I recently finished putting together a wonderful little ham radio transceiver from a kit. If you’re imagining a desktop-size Heathkit, think again. This was the latest creation from Steve Weber, KD1JV, who is the guru of a small but fanatically devoted cult of low-power radio enthusiasts. For several years, Steve has been designing some of the best ultra-portable ham transceivers on the market, then releasing limited-edition kits to his followers. These kits generally sell out in a matter of hours when Steve announces them on the group’s mailing list, and I’ve coveted one for quite awhile. Each iteration of the design has added a few more features.
This summer I finally got into the order queue early enough, and a couple of days later a disturbingly small box arrived in the mail.
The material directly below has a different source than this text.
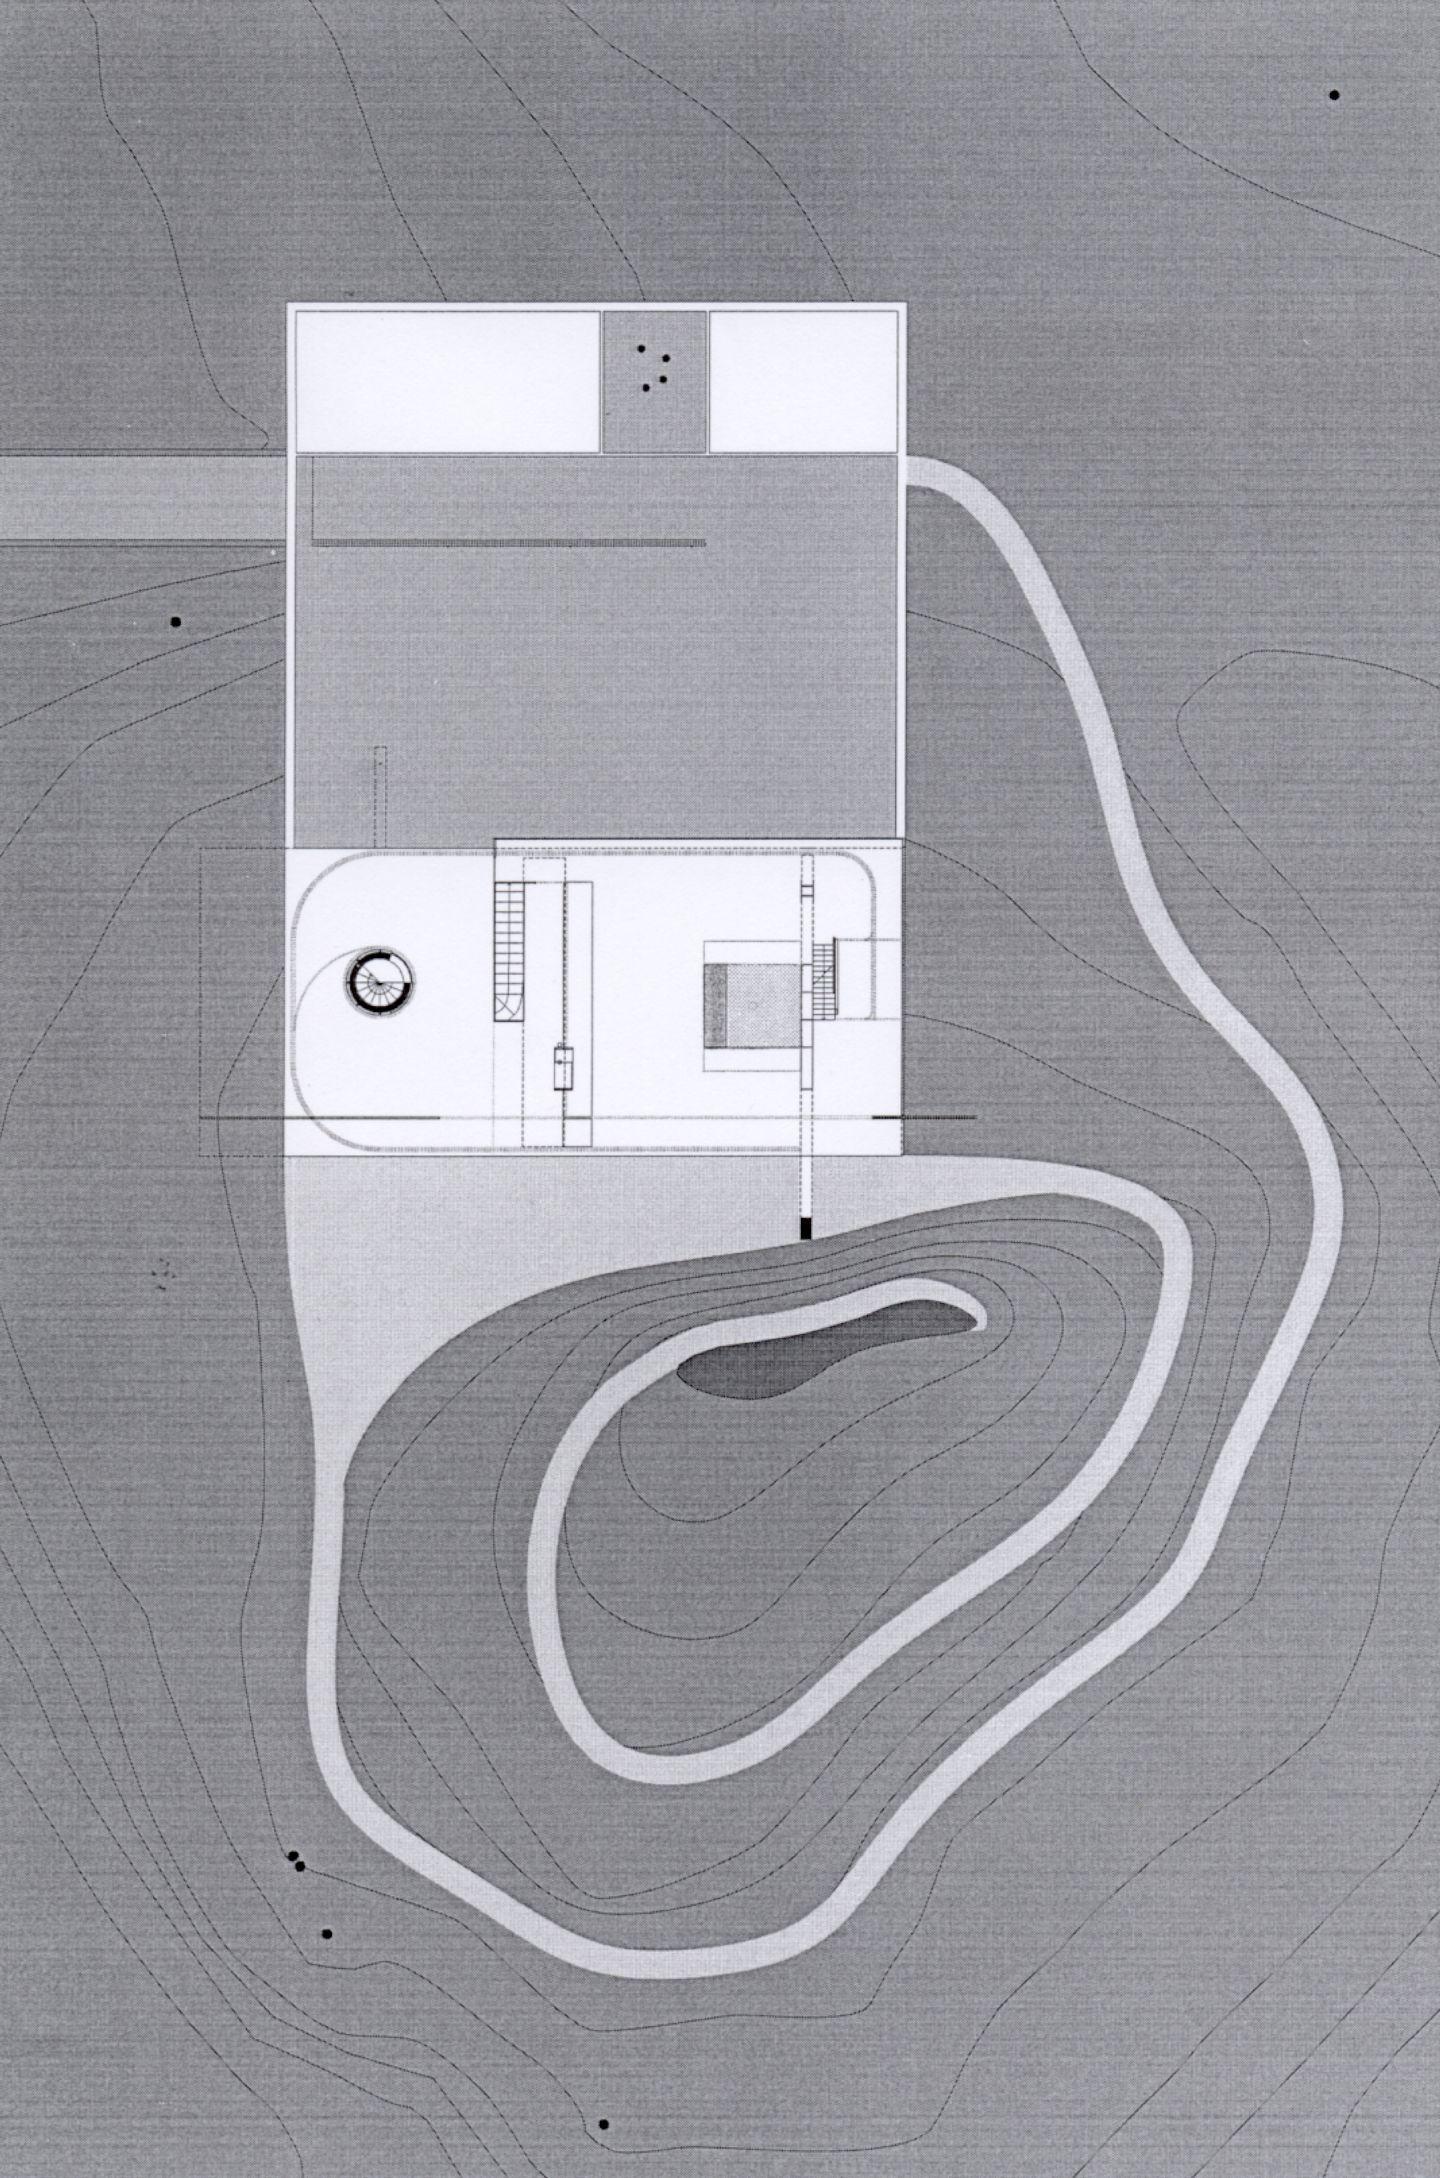 Rem koolhaas villa dall ava paris france 1991 atlas of - Oma Office Of Metropolitan Architecture Maison Bordeaux Divisare Rem Koolhaastechnical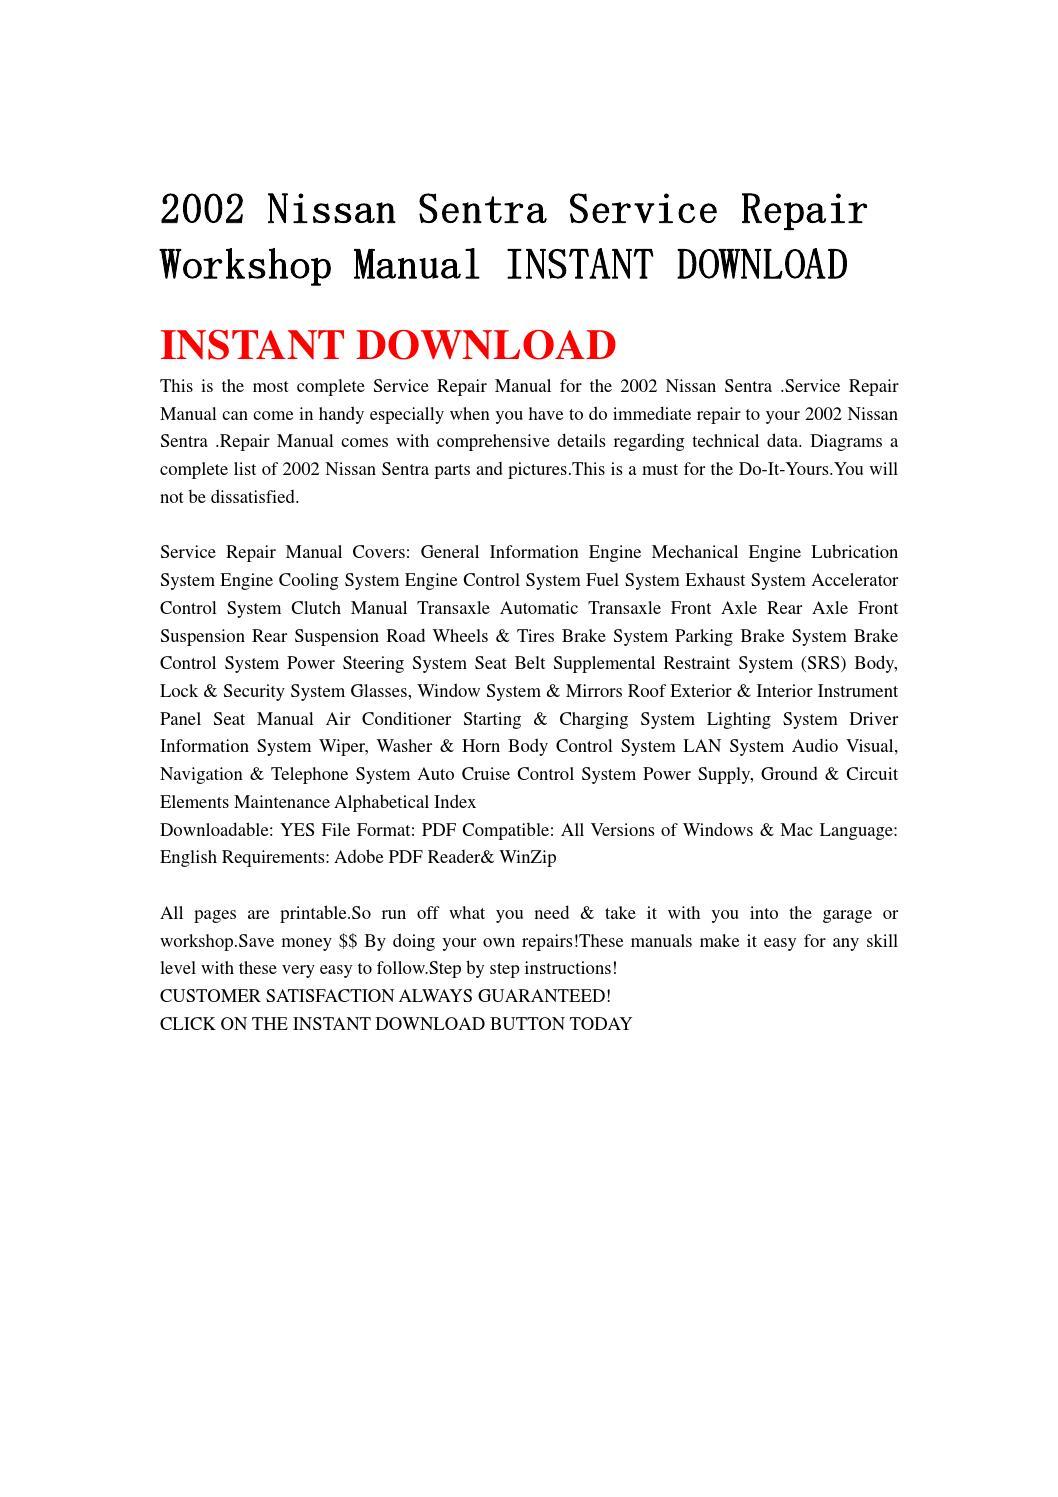 Nissan Sentra Service Manual: Can

It allegedly contained everything required to build a highly capable HF transceiver covering three amateur radio frequency bands for CW (Morse code) operation. The way Steve packs so much into such a tiny space is to use surface-mount electronic components.
Tiny surface-mount parts are now standard in most of the electronics industry, but they’re designed to be placed and soldered by robots. In the surface-mount world, a 16-pin integrated circuit is no bigger than a peppercorn, and capacitors and resistors are the size of sand grains. Most electronic kit makers have shied away from these components because they believe hobbyists aren’t capable of handling such small parts. Steve and his followers disagree.
Armed with a syringe of solder paste from Cash Olsen, a very nice hot air soldering station, and an Optivisor head-mounted magnifier, I followed the very thorough instructions and was rewarded with a working radio, eventually. The kit itself is brilliantly designed, and Steve’s support for bumbling amateurs like me is astounding.
For an accelerated view of what it’s like to build a complex device from surface-mount components, here’s a time-lapse video of the project:
Once it was built, I discovered that this palm-sized radio is astonishingly good. Signals pop out of the noise with a clear tone, the built-in CW keyer is very easy to program, and a 9-volt battery provides ample power for a few hours of 5-watt operation. There’s no other radio that comes close to the MTR’s combination of portability and capability.
Though anyone will soon be able to order a completely built MTR V2 off the shelf, the experience of building one was great. Now I hope more kit makers start offering surface-mount kits, as I’ve come to prefer working with these components.